对于疑似子痫前期的孕妇,可溶性 fms 样酪氨酸激酶 1(sFlt-1)/胎盘生长因子(PlGF)比值是一种辅助诊断的生物标志物。我们比较了 Elecsys®和 Kryptor sFlt-1 和 PlGF 免疫分析之间的方法,并评估了其用于子痫前期的诊断性能。
分析了一项涉及 113 例子痫前期/肝酶升高和血小板计数低(HELLP)孕妇和 270 例对照的病例对照研究的血清样本。使用罗氏 Elecsys®和 BRAHMS Kryptor sFlt-1/PlGF 免疫分析法测量 sFlt-1 和 PlGF。计算 sFlt-1/PlGF 比值,并进行 Passing-Bablok 回归/ Bland-Altman 图分析。评估了特定于妊娠的截断值,≤33 和≥85/≥110。
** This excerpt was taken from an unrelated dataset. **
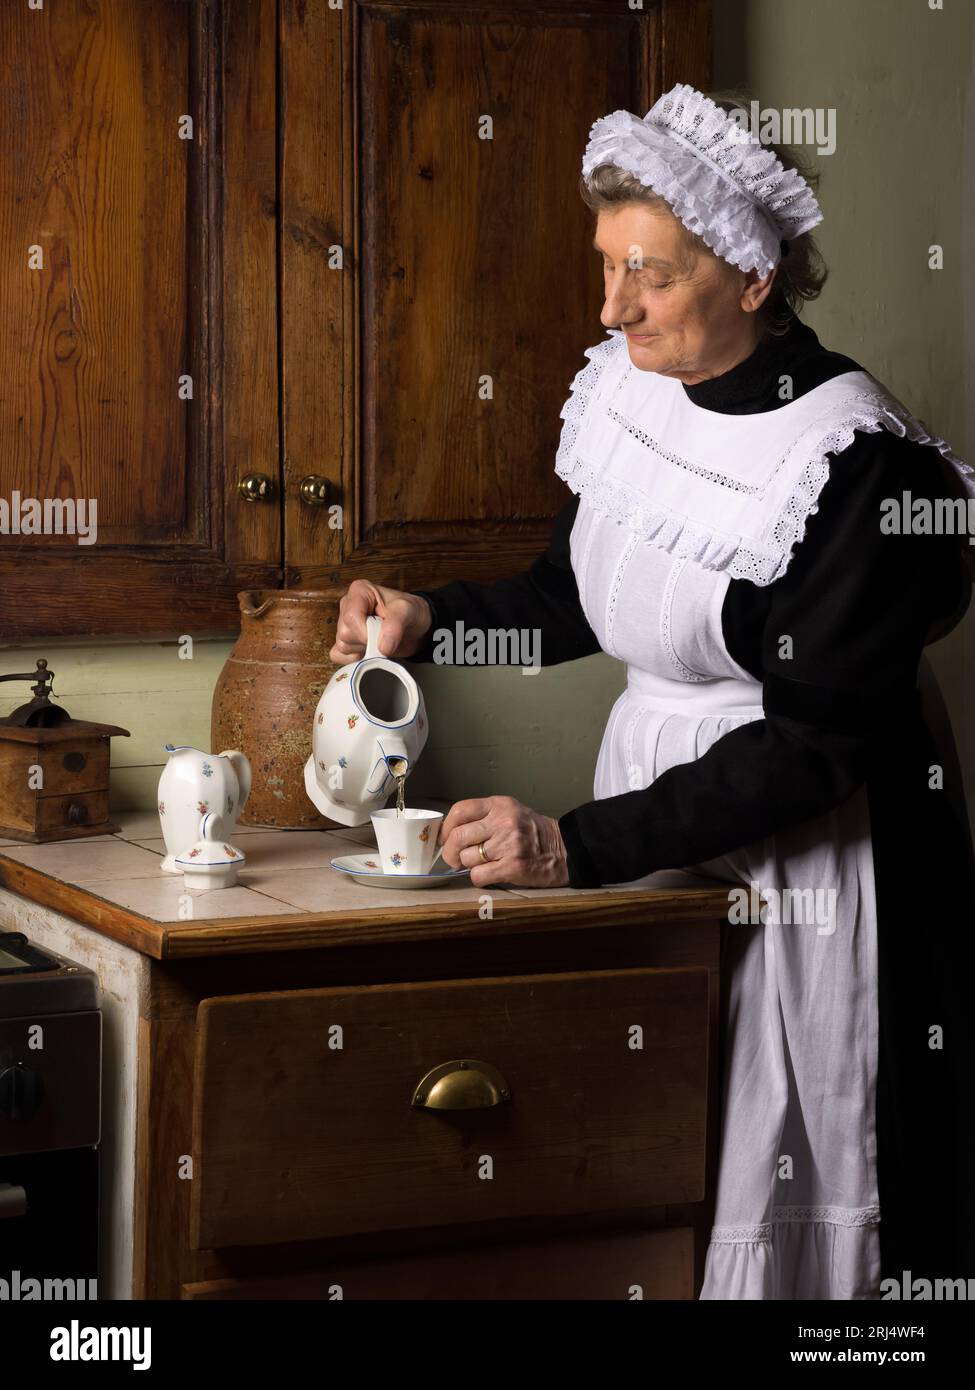 https://c8.alamy.com/comp/2RJ4WF4/victorian-maid-or-servant-in-black-dress-lace-cap-and-white-apron-working-in-a-19th-century-interior-2RJ4WF4.jpg

Elecsys®和 Kryptor 值之间的平均(±2 个标准差[SD])差异为:sFlt-1,173.13 pg/mL(6237.66,-5891.40);PlGF,-102.71 pg/mL(186.06,-391.48);和 sFlt-1/PlGF,151.74(1085.11,-781.63)。Elecsys®和 Kryptor 免疫分析显示出高度相关性:Pearson 相关系数分别为 0.913(sFlt-1)和 0.945(PlGF)。斜率分别为 1.06(sFlt-1)和 0.79(PlGF),导致 Kryptor PlGF 约低 20%。使用 sFlt-1/PlGF≥85 的截断值,用于早期子痫前期(20+0 至 33+6 周)的 Elecsys®的灵敏度和特异性分别为 88.1%/100.0%(Elecsys®)和 90.5%/96.2%(Kryptor),而使用晚期子痫前期(≥34+0 周)的≥110 截断值的灵敏度和特异性分别为 51.3%/96.5%(Elecsys®)和 78.9%/90.1%(Kryptor)。使用 Elecsys®和 Kryptor sFlt-1/PlGF,分别有 0%和 3.8%的女性被错误地归类为早期发病,分别有 3.5%和 9.9%的女性被错误地归类为晚期发病。
尽管 Elecsys®和 Kryptor 免疫分析之间具有高度相关性,但我们观察到 sFlt-1/PlGF 和 PlGF 结果之间存在显著差异。因此,针对 Elecsys®免疫分析验证的 sFlt-1/PlGF 截断值不能转移到 Kryptor 免疫分析。